### Information provided
-----

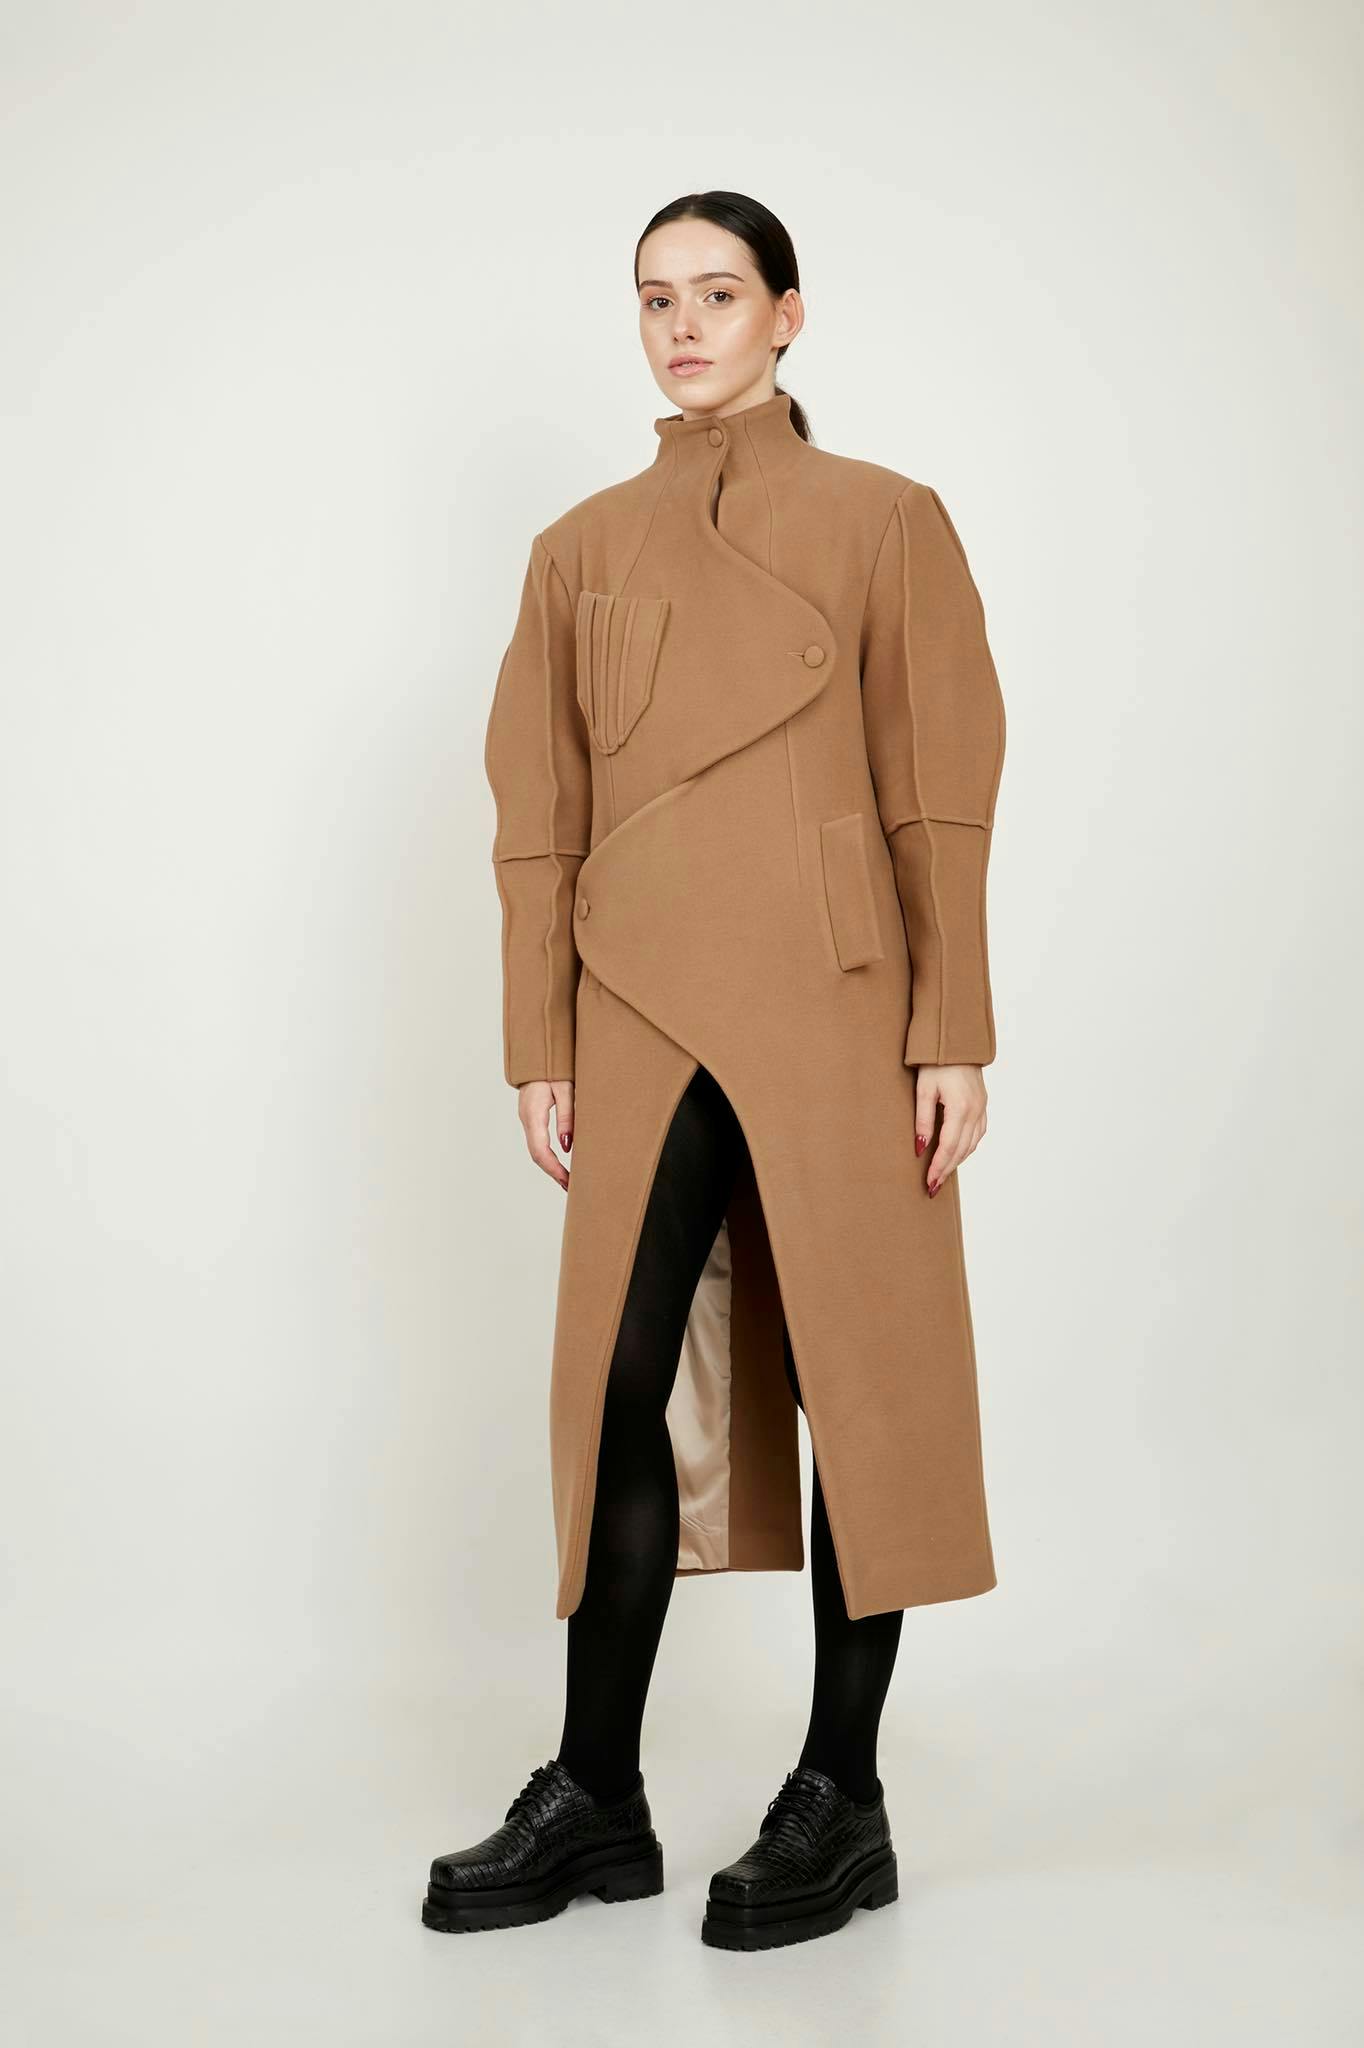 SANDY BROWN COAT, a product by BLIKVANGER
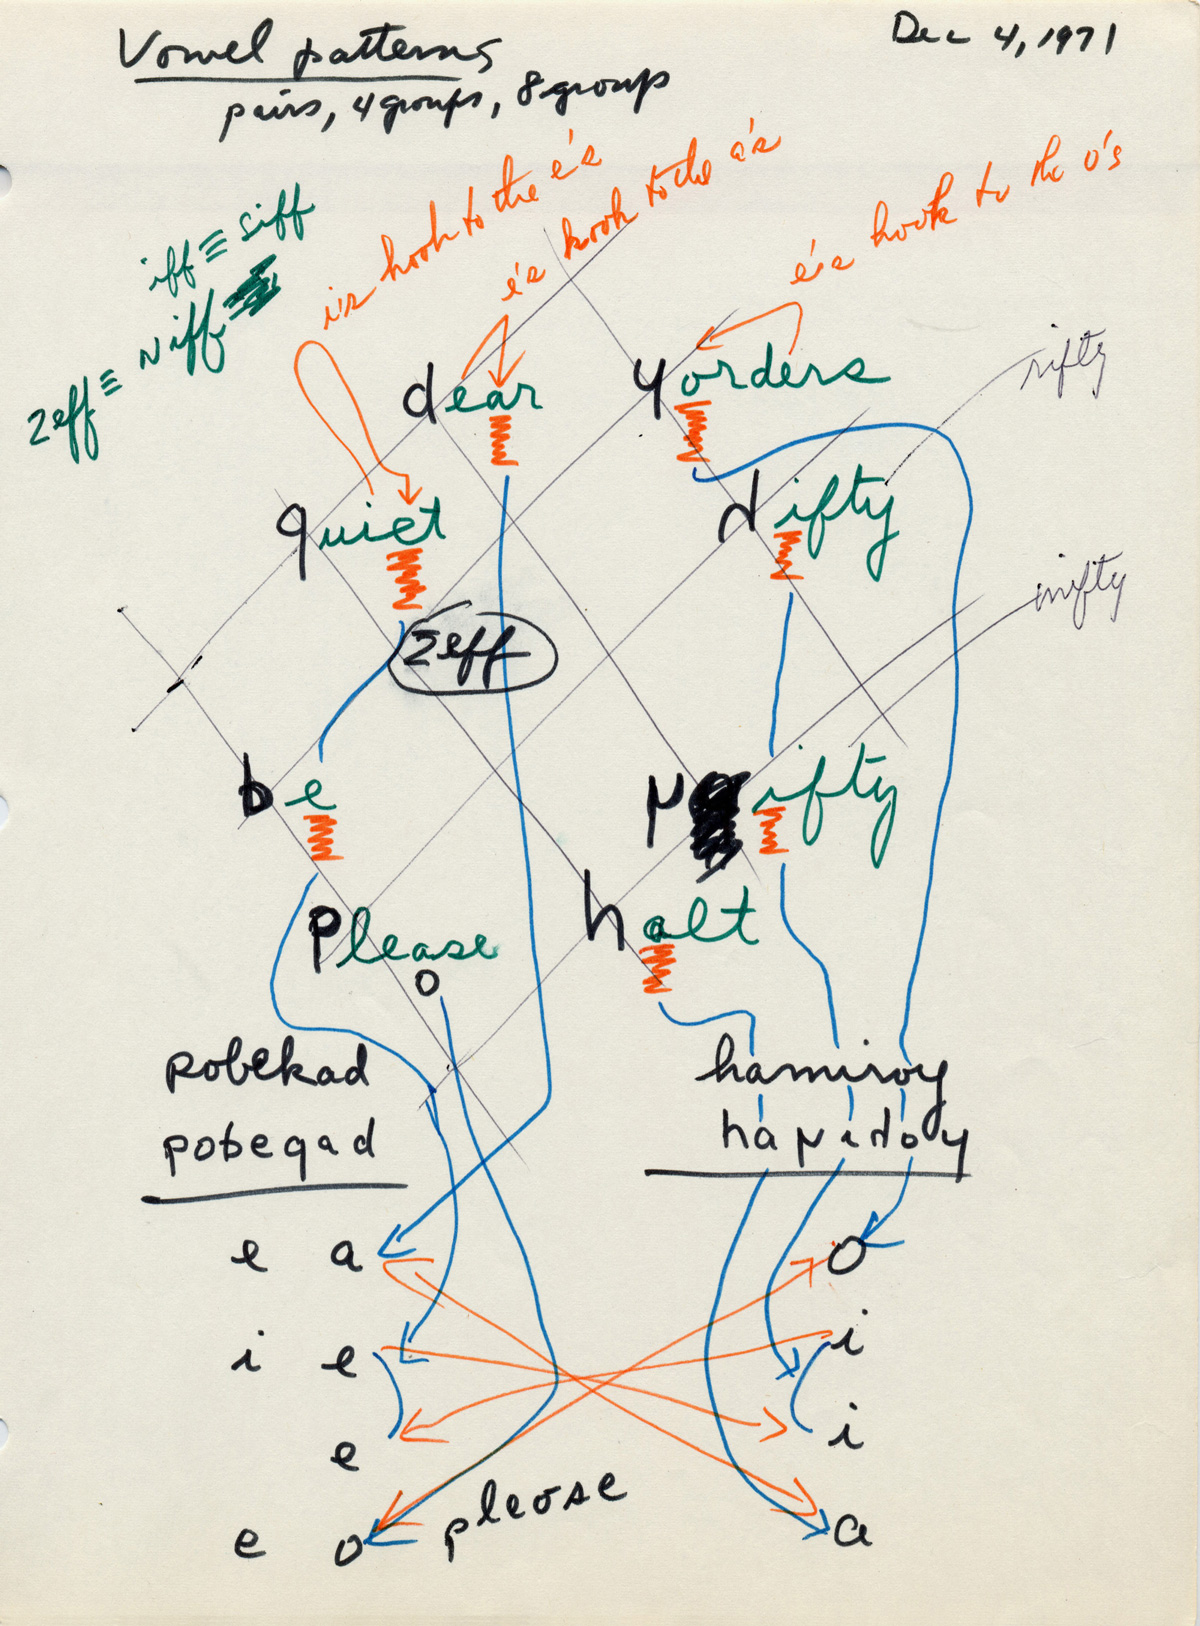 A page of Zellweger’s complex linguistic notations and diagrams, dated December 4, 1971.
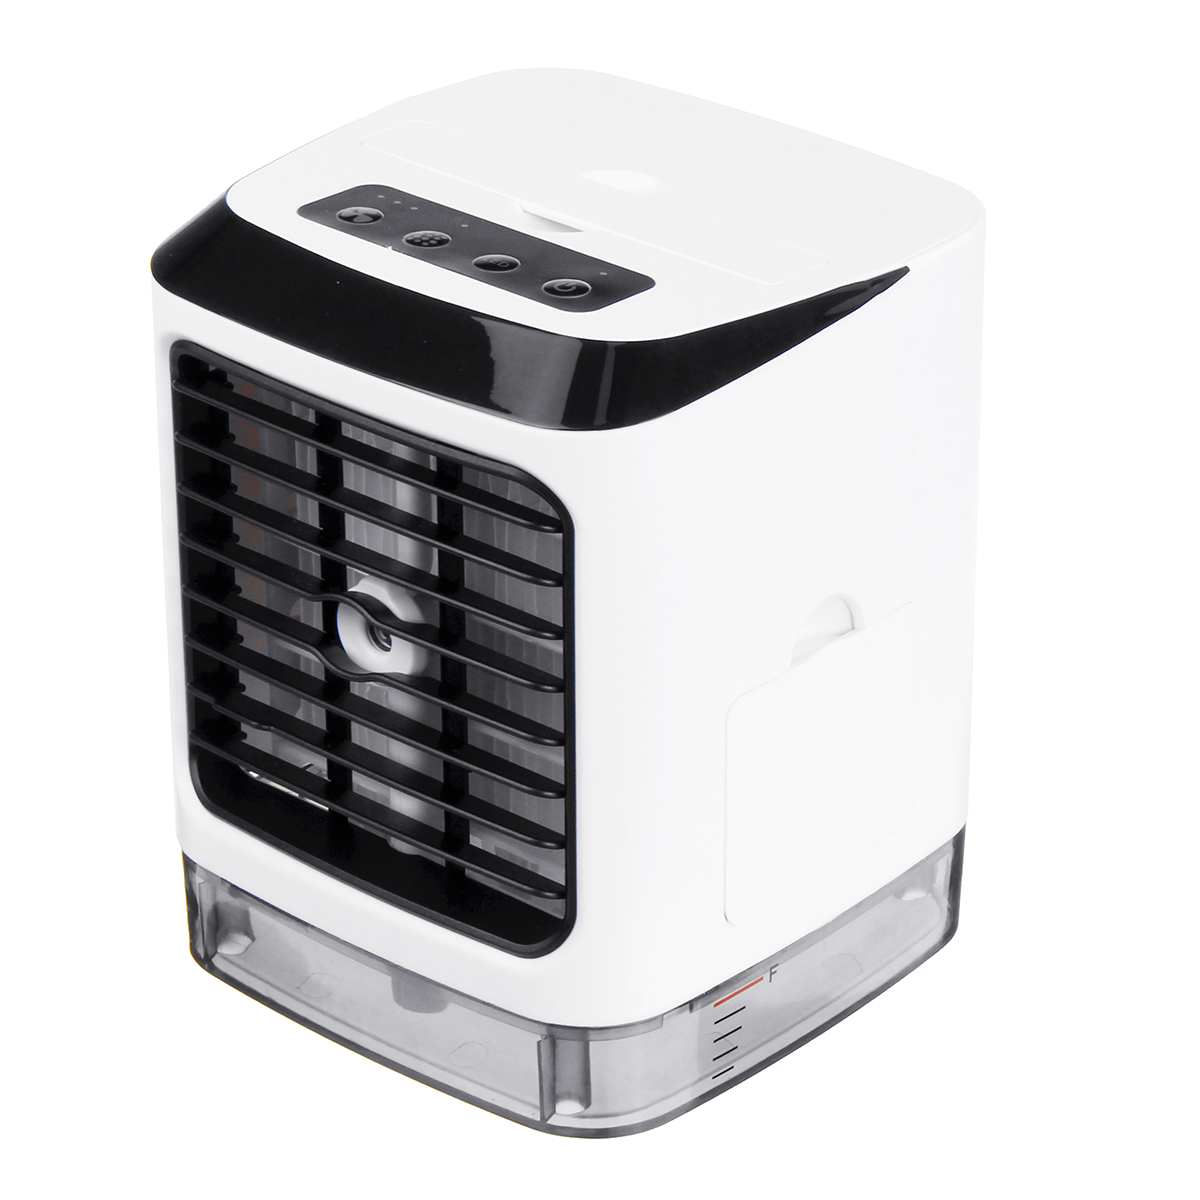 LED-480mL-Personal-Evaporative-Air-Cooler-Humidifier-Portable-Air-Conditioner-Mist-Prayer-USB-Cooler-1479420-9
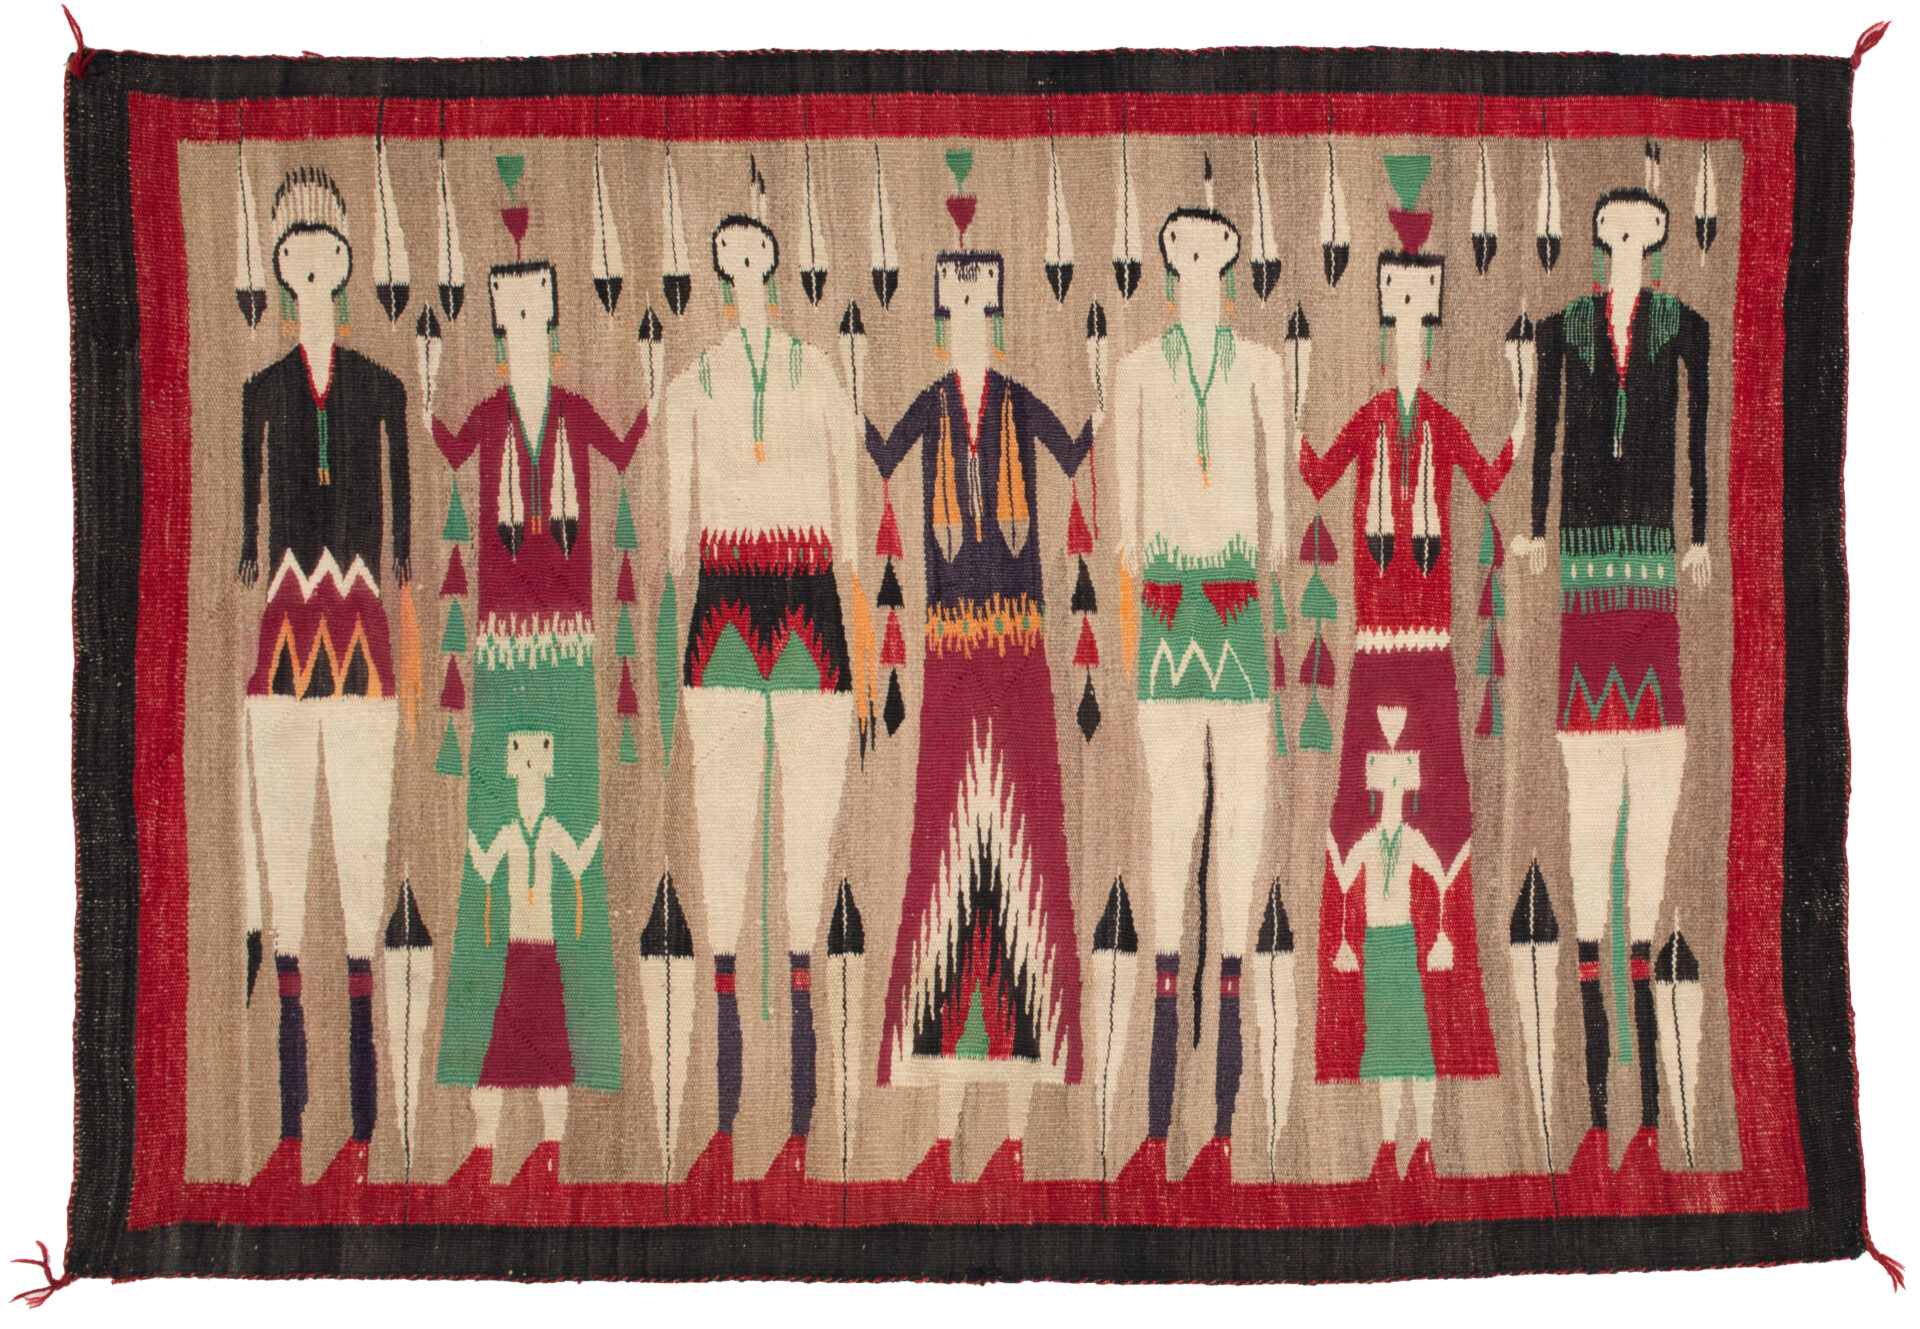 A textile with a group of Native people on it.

-----

Would you give the data above again word for word, skipping any images?

### Answer for the task
 SANDY BROWN COAT, a product by BLIKVANGER
 A page of Zellweger’s complex linguistic notations and diagrams, dated December 4, 1971.
 LED-480mL-Personal-Evaporative-Air-Cooler-Humidifier-Portable-Air-Conditioner-Mist-Prayer-USB-Cooler-1479420-9
 A textile with a group of Native people on it.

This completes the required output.